Vol. 2 No. 5 (2020): Volume 2, Issue 5, Year 2020
Articles

Alumni Info-Com Management with Distinct Classification of Data

Sasikumar R
Department of Computer Science and Engineering, K. Ramakrishnan College of Engineering, Tiruchirappalli, Tamil Nadu, India.
Haritha B
Department of Computer Science and Engineering, K. Ramakrishnan College of Engineering, Tiruchirappalli, Tamil Nadu, India.
Borshiya Vincy T
Department of Computer Science and Engineering, K. Ramakrishnan College of Engineering, Tiruchirappalli, Tamil Nadu, India.
Kamali M
Department of Computer Science and Engineering, K. Ramakrishnan College of Engineering, Tiruchirappalli, Tamil Nadu, India.
Published September 25, 2020
Keywords
  • Alumni Information Management,
  • Classification,
  • Support Vector Machine,
  • Guide Juniors
How to Cite
R, S., B, H., T, B. V., & M, K. (2020). Alumni Info-Com Management with Distinct Classification of Data. International Research Journal of Multidisciplinary Technovation, 2(5), 42-50. https://doi.org/10.34256/irjmt2057

Plum Analytics

Abstract

The Alumni Info-Com Management System is able to manage alumni data of a college and provide easy access to the same. Alumni of college stay in touch with their immediate friends and it is hard to stay connected with college mates. Contact between alumni develops business connections and to gain insight in a new field. Current students will be initially given a student login id. Access to the system can help them to seek help in their projects or for placements.

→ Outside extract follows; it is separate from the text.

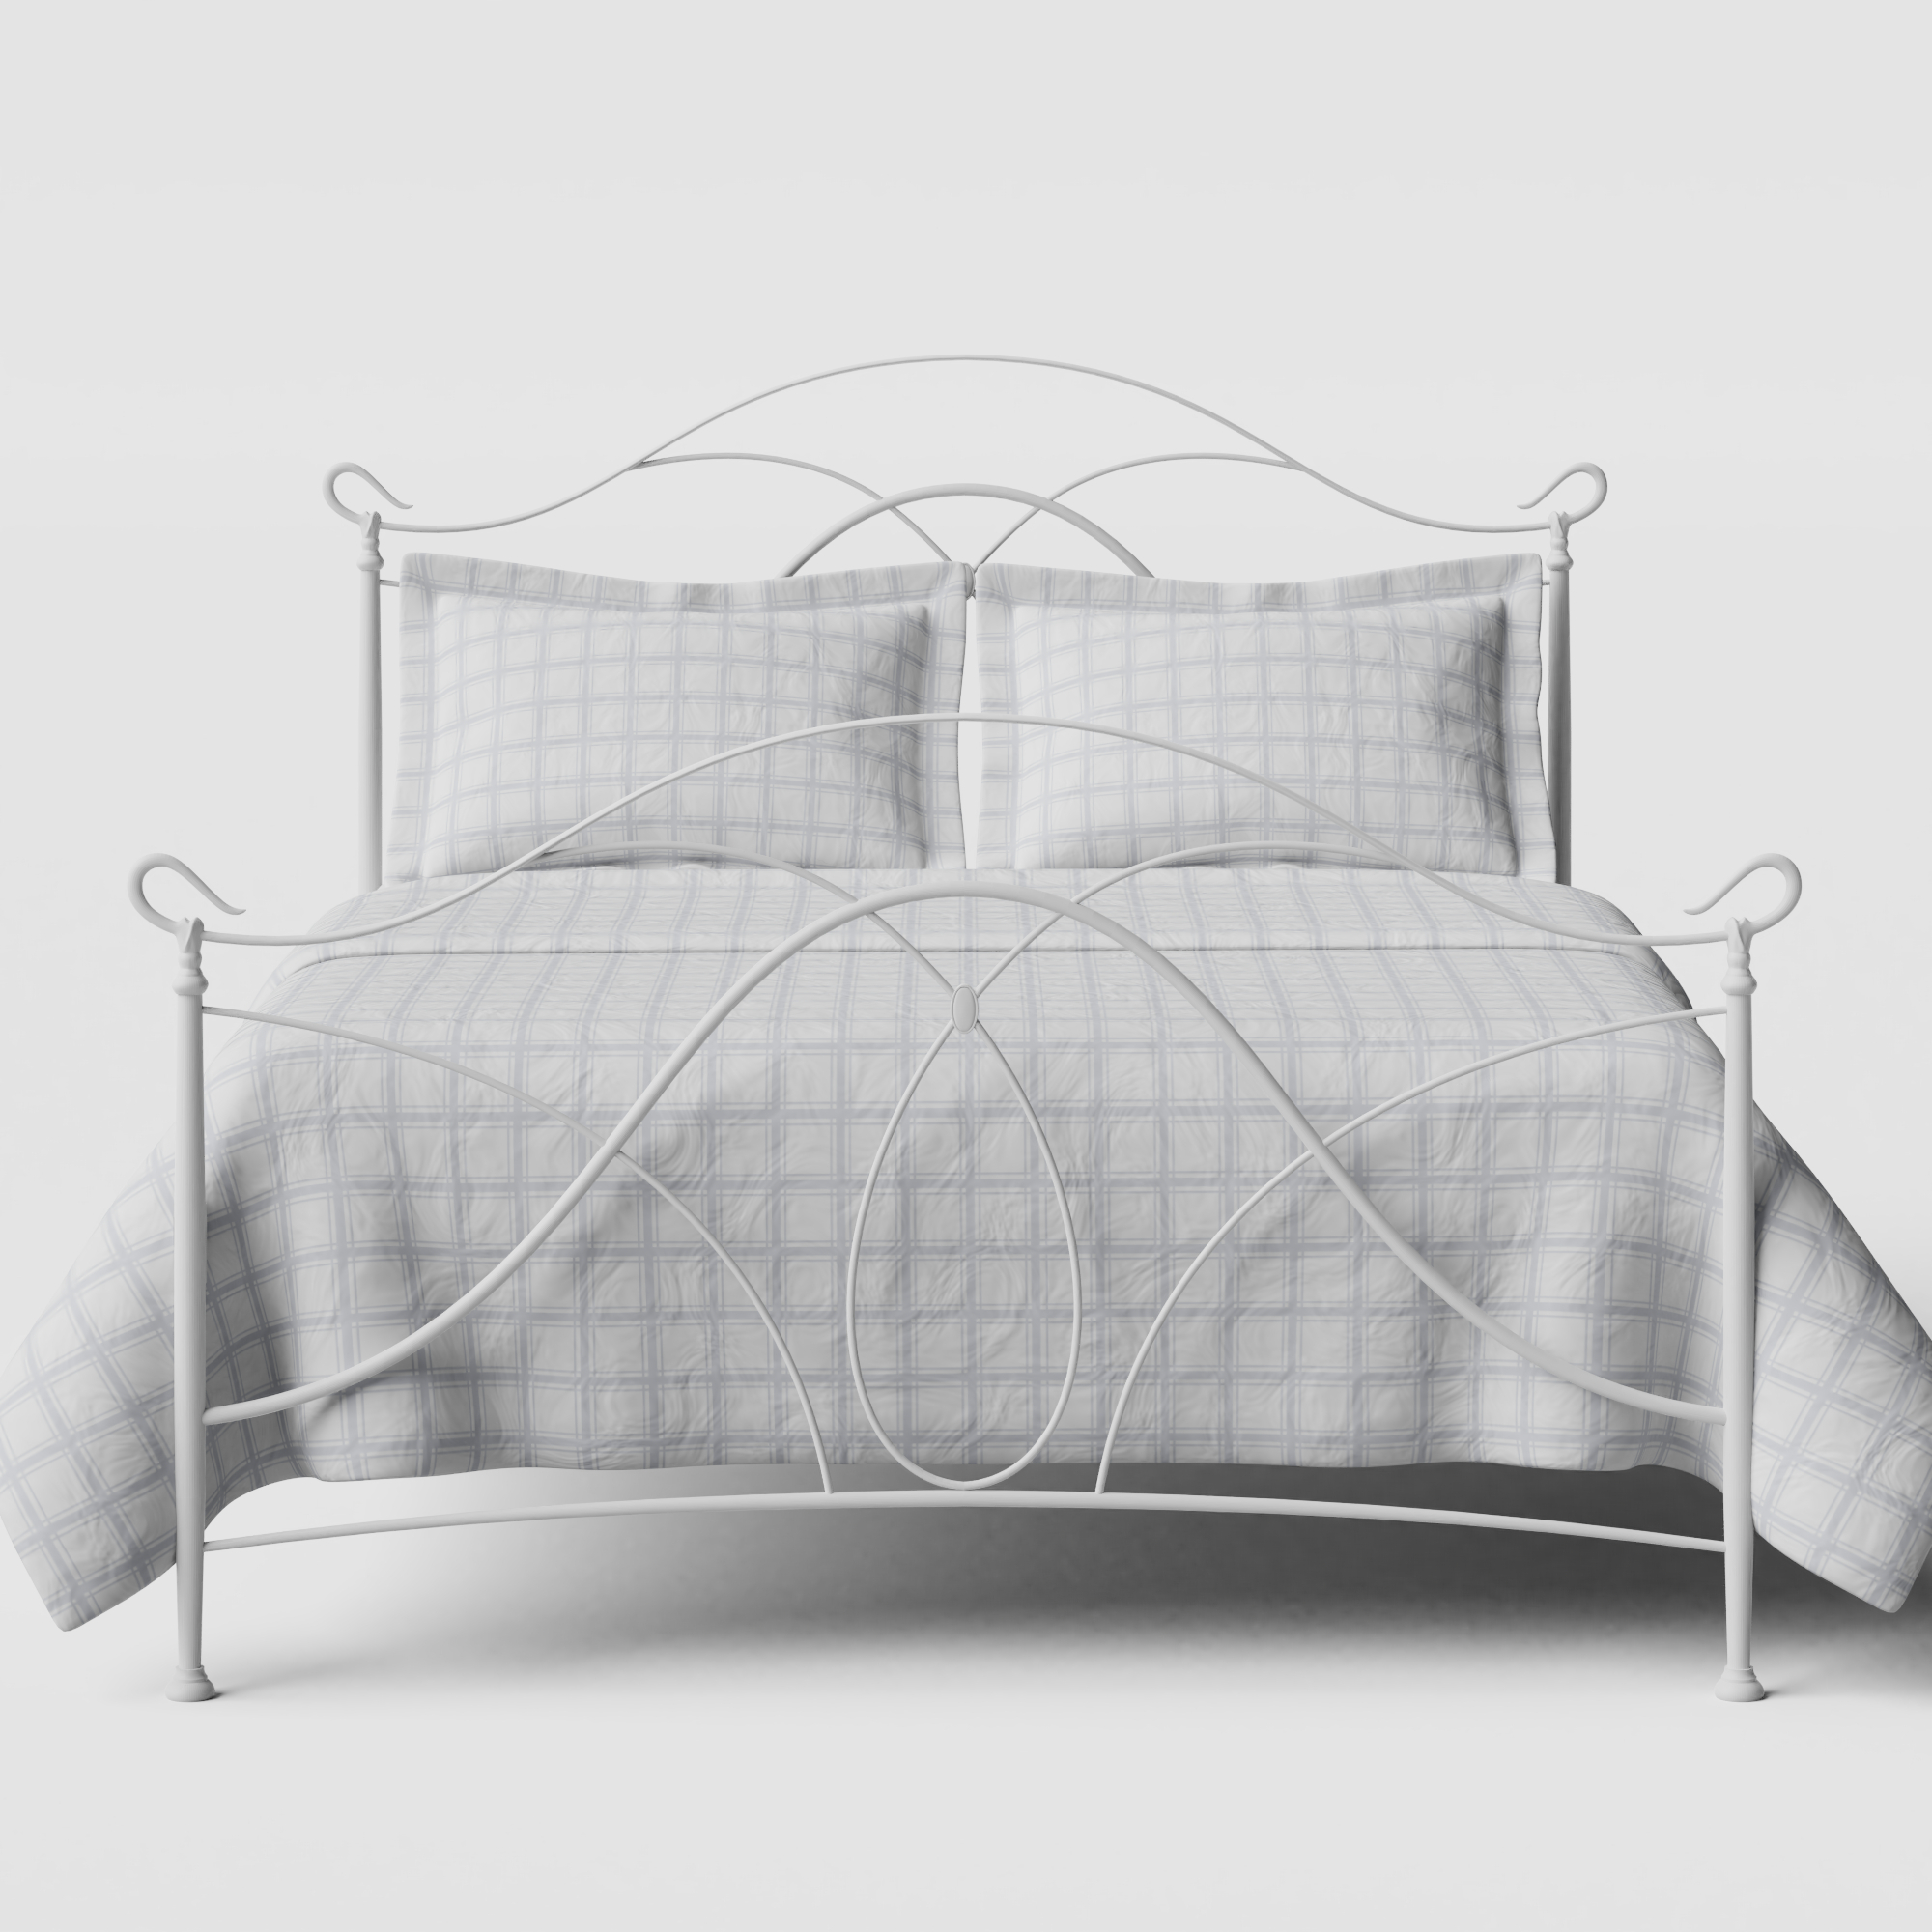 Ardo iron/metal bed in white

This single system can satisfy almost every requirement of the alumni. Usually, alumni associations are organized in colleges, but may also be organized in a place where the alumni can meet each other. Despite the fact that there are many existing systems in colleges to maintain the alumni information, they are manual and more time consuming to current students to reach out their alumni and maintaining the privacy of the alumni. To overcome these issues, we proposed a web application which allows alumni to update their information and students can connect with them and can view the filtered events posted by alumni and admin through support vector machine algorithm.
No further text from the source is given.